Be brave gosh darn it
Operating “safe” housing is a common benchmark for many housing organizations, but when we house people who have experienced generational trauma, the bar of what safe means is hard to nail down. It is common sense to have fire extinguishers, emergency instructions, and first aid kits on each residential floor. But do staff and neighbours know how to listen to someone who feels psychologically unsafe because when they see people praying in the common room, it reminds them of the residential schools that housed their grandparents and parents? At Co:here, we prefer the idea of co-creating brave housing. Brave housing looks like staying with people in an awkward conversation about how our actions impact them. It looks like listening hard to what others are saying and recognizing that we see them. And this takes time.
SCS is slowly growing to help train and skill team members and tenants to do some of this work because the long lasting impacts of colonialism are still being felt in our communities today. Safety plans and first aid kits are really important, as are locks on people’s doors. However, operating housing where people can feel safe to become known takes a long-game strategy. It consists of engaging in tiny, intentional actions of bravery and being present to people in their pain. It also demands housing operators to dig deep and have courage as we attempt to dismantle systems that have oppressed people: like paternalism, white body supremacy, individualism, and capitalism. These systems specifically have run rampant in Canadian housing strategies.

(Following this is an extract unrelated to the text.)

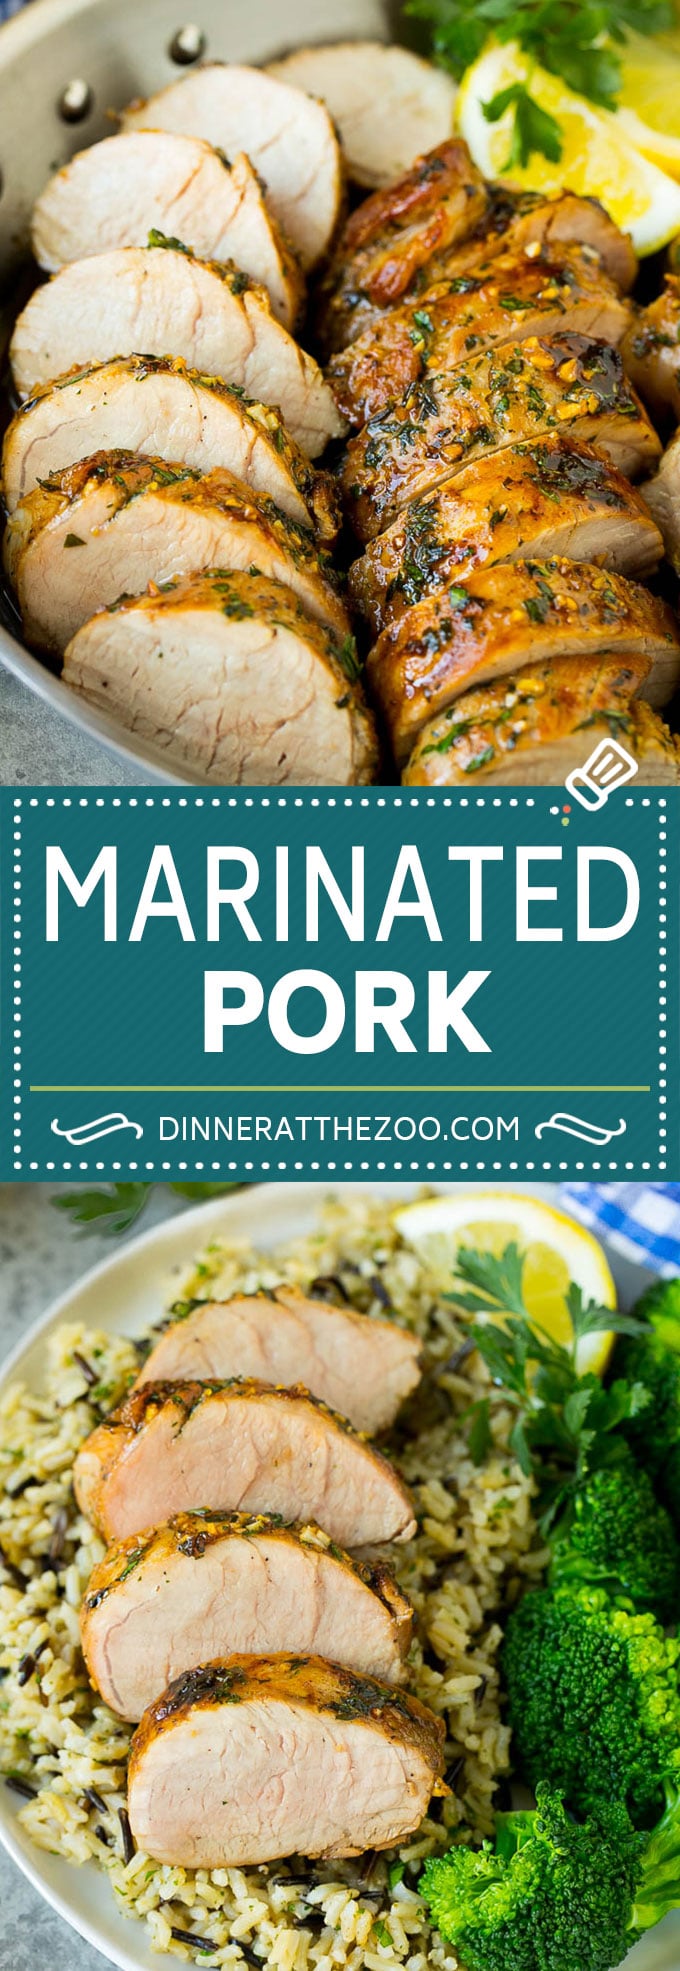 Marinated Pork Tenderloin Recipe | Pork Tenderloin Marinade | Pork Marinade #pork #porktenderloin #marinade #dinner #grilling #dinneratthezoo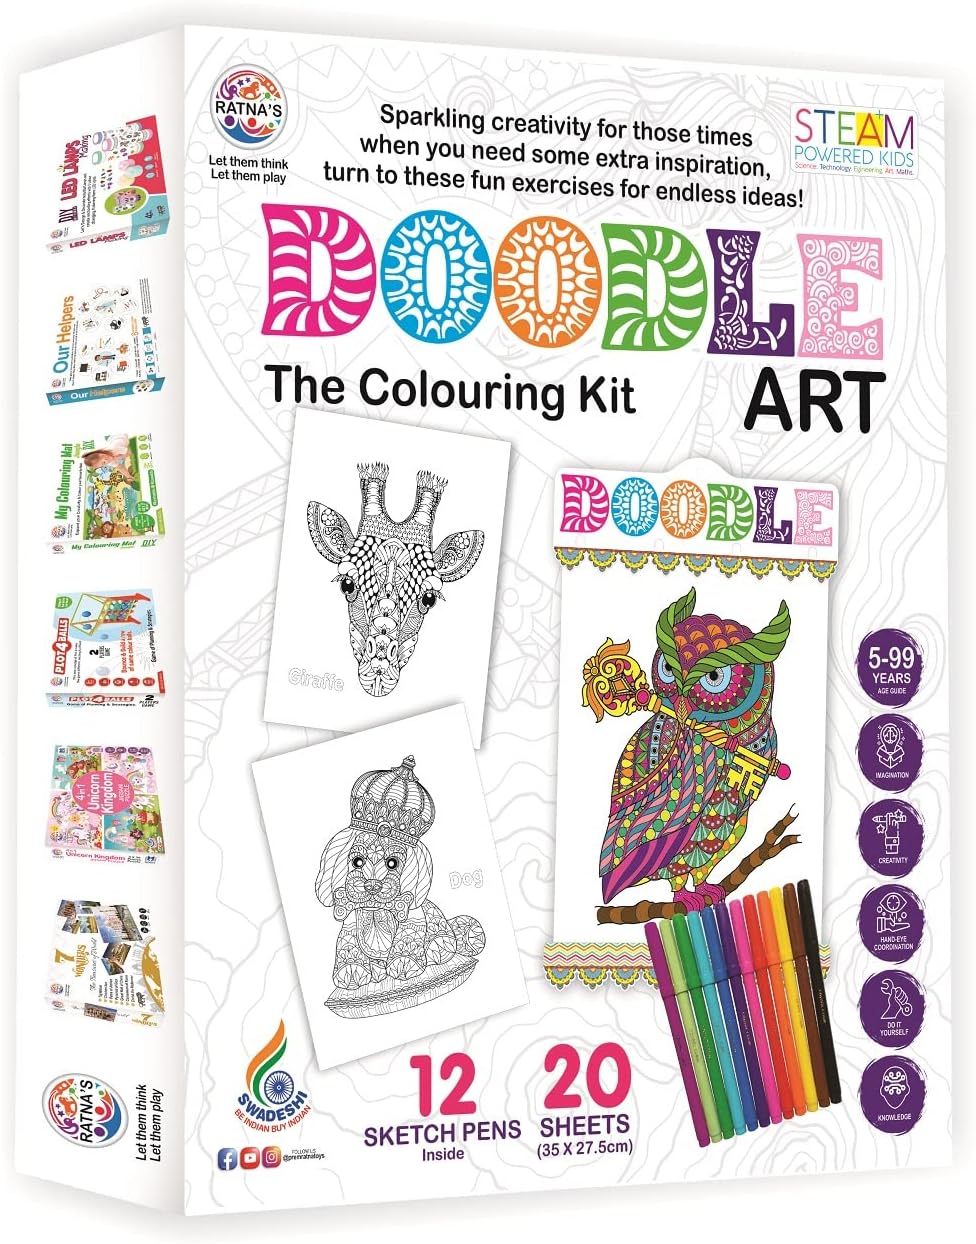 RATNA'S Doodle Art Colouring Kit - 20 Sheets & 12 Sketch Pens

Operationally-speaking, bravery can look like putting resources towards training to equip people so they have skills needed for hard conversations. Or workshops on toxic masculinity, active listening, conflict resolution framework-developing. And hiring team members that have skill in these areas, not only people who have a ‘big heart’, determination, and shared values. We need brave team members with developing skills.
How do we help ourselves, staff and tenants become brave?
As a housing operator at Co:Here, I embody many roles: part community labourer and part community-doula (metaphorically speaking); part janitor and part overseer, part mediator and part coach. And if it’s a good day, I get to be a companion on the shared road of life in the present. Some of the parts allow me to have – require me to have – a sense of control, and that can be difficult. It is important for me to keep open to growing and learning so I can collaborate with others even when my title says I’m in charge.
My observation is that when people talk about housing, it’s fairly two-dimensional: landlord and tenants… property and people… this department or that department… a new policy or a complaint form… us and them. It all sounds so simple. But it is SO far from simple.
Many have said that Covid has been the largest social experiment in history – testing our levels of trust and challenging the social fabric of how willing (or unwilling) we are to be there for each other in difficult times. I hope the last 17 months has helped me keep reaching for more social courage to stay curious and be brave. I wonder how other landlords and housing operators would characterize this time.
What are you reaching for? What have you learned or been surprised by?